By that time HP's support for OpenVMS had eroded badly. Support for Oracle clients, Java, and other commonly used software was poor or non-existent. That OpenVMS was dead was visible to all but the few for whom OpenVMS was a religious experience.

As we were bashing the decision around in 2009, I strongly suggested that if we purchased Itanium in we'd be on the dead-end OpenVMS platform for five more years. I was wrong. We were on Itanium AlphaServer blades and OpenVMS nine years, until 2018. The (only) good part of that decision was that the Itanium blade servers ran very well and were inexpensive to maintain.
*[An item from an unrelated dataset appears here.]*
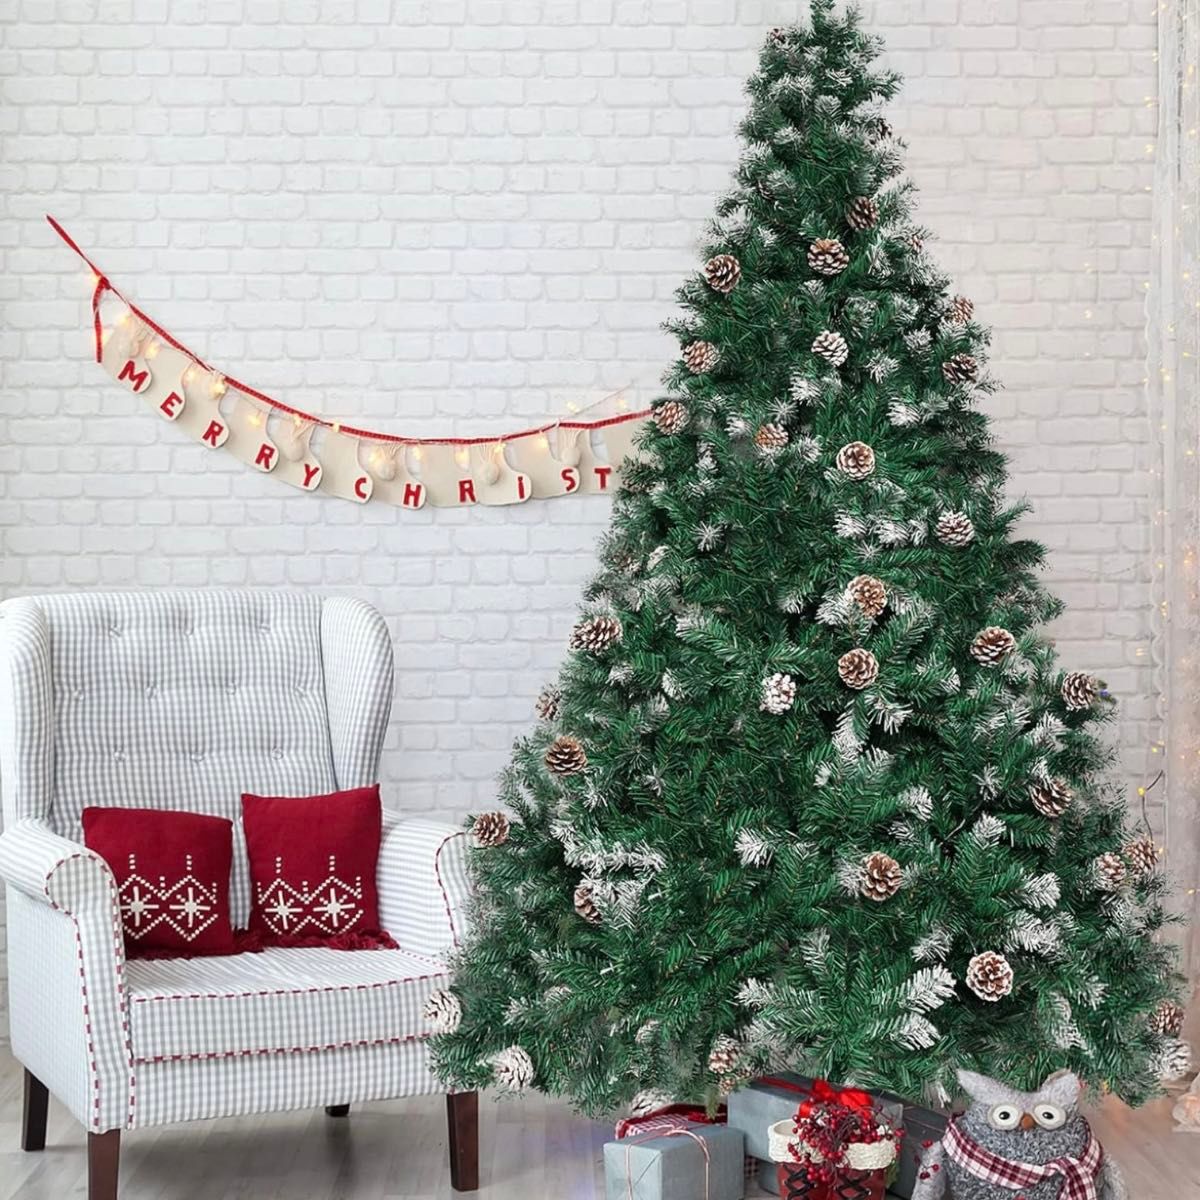 クリスマスツリー 180cm 北欧 組立簡単 収納便利 日本語説明書付き 松ぼっくり スノー まつぼっくり 雪化粧 北欧風

And as OpenVMS was pretty dead by then, we did not spend very much time on patches and upgrades, as few were forthcoming from HP.

This is a case where our reluctance to take on some short-term pain resulted in our having to maintain a dead-end obsolete system for many years. 

Thirty-four Years in IT - Addressing Application Security (Part 7)

In the 2008-2009 period, we finally started to seriously address application layer security in our development group.

By that time is was clear that the threat to hosted applications had moved up the stack, and that the center of gravity had shifted towards compromising the web applications rather that the hosting infrastructure. This meant that our applications, for which essentially no serious security related effort had been made, had to finally receive some attention. Our development teams were not tuned in to the security landscape and thus were paying scant attention to web application security. As our home-grown applications exposure to the Internet was mostly limited to simple, student facing functionality such as course registration and grading, the lack of attention was perceived as appropriate by all but a few of us infrastructure and security geeks.

In other words, the dev teams were at the unconscious/incompetent level of the Conscious Competence Matrix.